The selection section allows you to determine if the rule is applicable for the file before submitting it to shiva, storm or spark. Resolver is only applicable to files inside a channel (except channel_structure.json) with .json, .hjson or .yaml extension

You have to define three mandatory parameters inside selection section :

  • tenant
  • channel
  • runtime

By this way you can select a specific rule for a use case.

For example if you want to define a rule for all applications in a specific channel:

selection:{ 
         tenant: *
         channel: apache_httpd
         runtime: *
}

Or for all applications running in shiva :

selection:{ 
         tenant: *
         channel: *
         runtime: shiva
}

The * is a wildcard, it means for every tenant, channel or runtime

Match

Once you defined your rule scope with selection settings, you have to define which files will be concerned by your rule

Concretely, if your selection section matched all files from a specific channel and your channel is composed with different applications, you may want to define your elasticsearch host only for one application.

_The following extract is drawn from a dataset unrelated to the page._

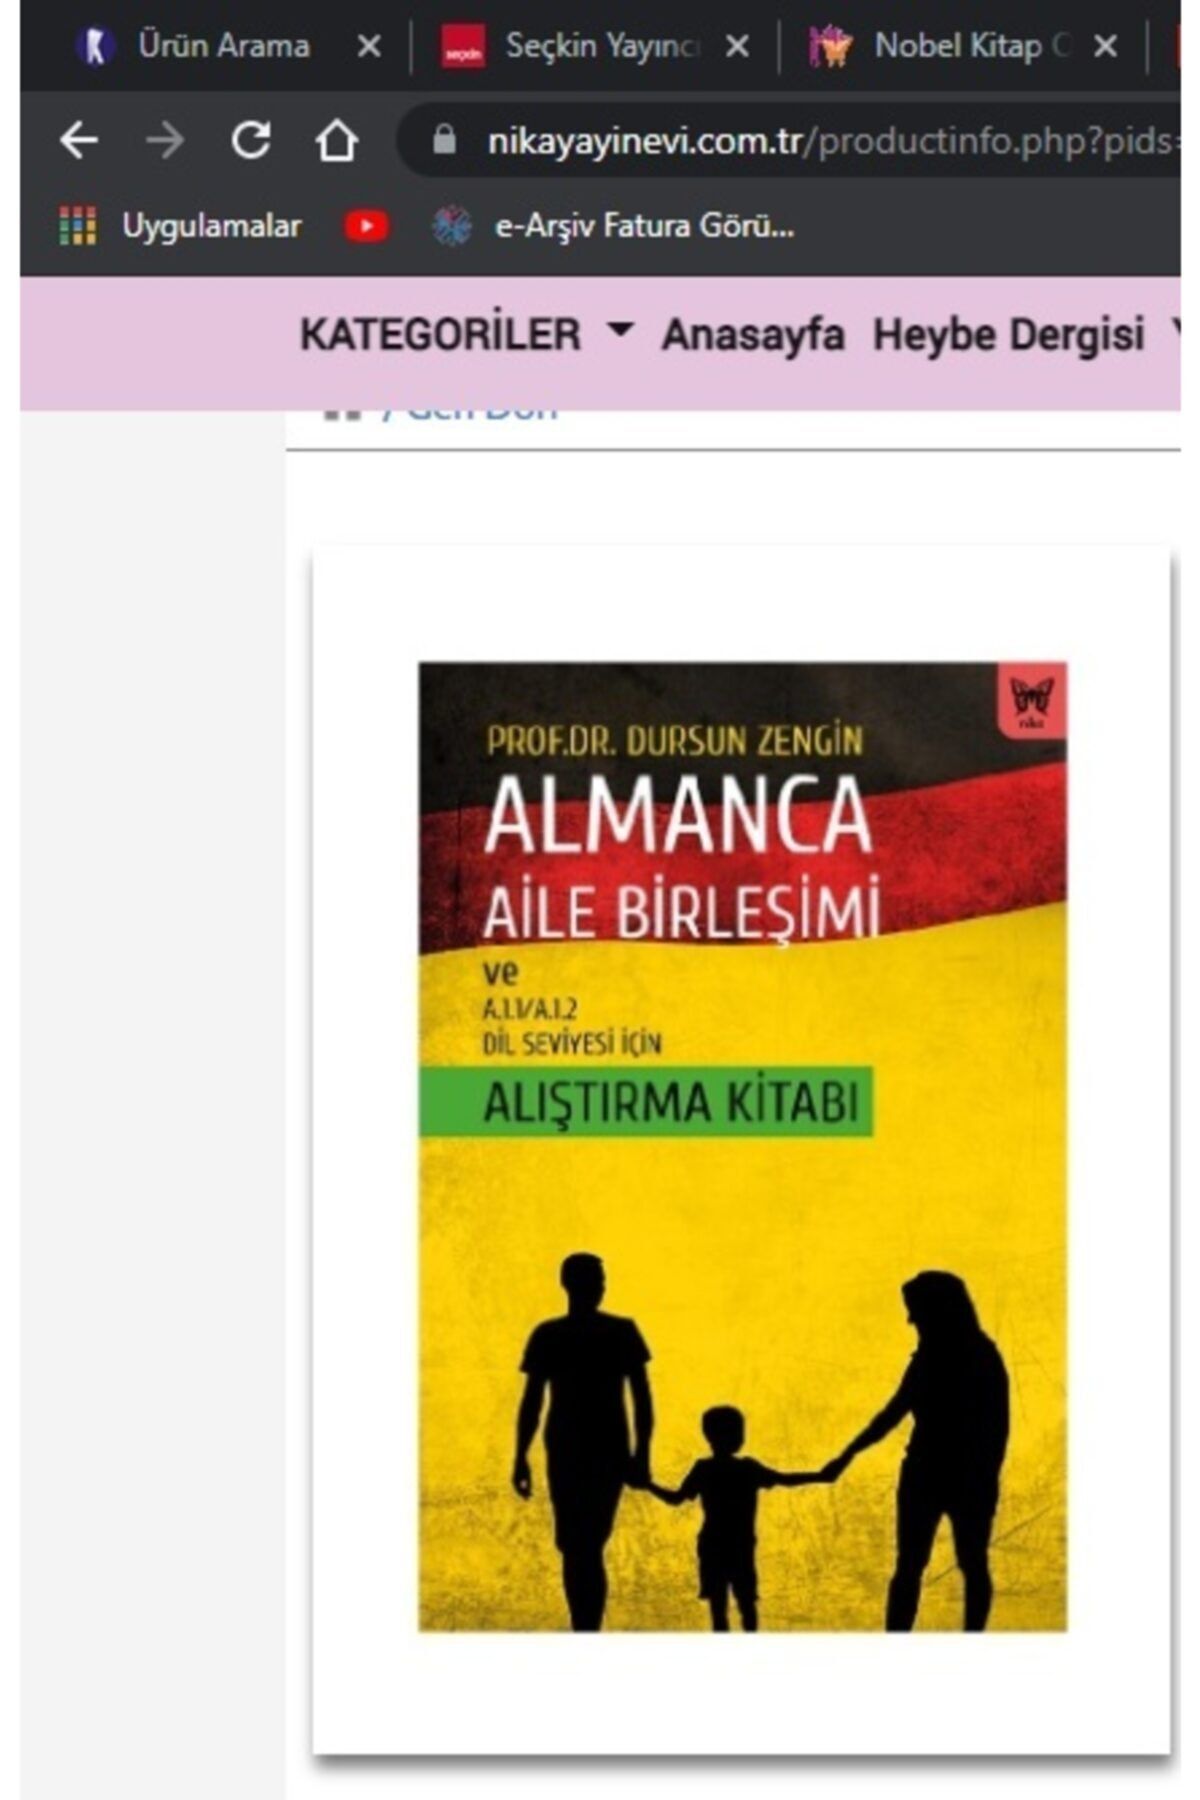 Nika Yayınevi Almanca Aile Birleşimi Ve A.1.1/a.1.2 Dil Seviyesi Için Alıştırma Kitabı - Dursun Zengin

To do that, we use a JsonPath expression, it acts as a select in json file

For example for a json file input :

{
  "metrics": {
    "reporters": [
      {
        "type": "kafka"
      },
      {
        "type": "elasticsearch"
      }
    ]
  }
}

If you want to select only elasticsearch reporter section, you have to set this json path expression :

$.metrics.reporters[?(@.type=='elasticsearch')]

It will retrieve :

[
   {
      "type" : "elasticsearch"
   }
]

All files which matched selection section AND this section will be enrich, other ones will be submitted without modifications

We use Jayway JsonPath lirairies internaly, if you want to test your match section before submitting it, you can use this online evaluator

Additional values

Finally, once your file match both previous section, you can define what you want to add to your file by defining the third section :

additional_values:{ 
         nodes:[ 
            server2
         ]
      }

It will append these lines where the json path expression matched

To summarise how the resolver works in a few words : the first two sections of each rules permits to select which file and which section of this file you want to enrich. If the parameters match, the additional lines will be added to the file before submission. Multiple rules can match.

Debuggin the resolver

A punch cli is available in order to debug the resolver behaviour. You can see what result file the resolver has computed from a given user file:

punchlinectl resolve -p punchline.json 

It simply prints to stdout the resolved output file. Use it to check it behaves as expected.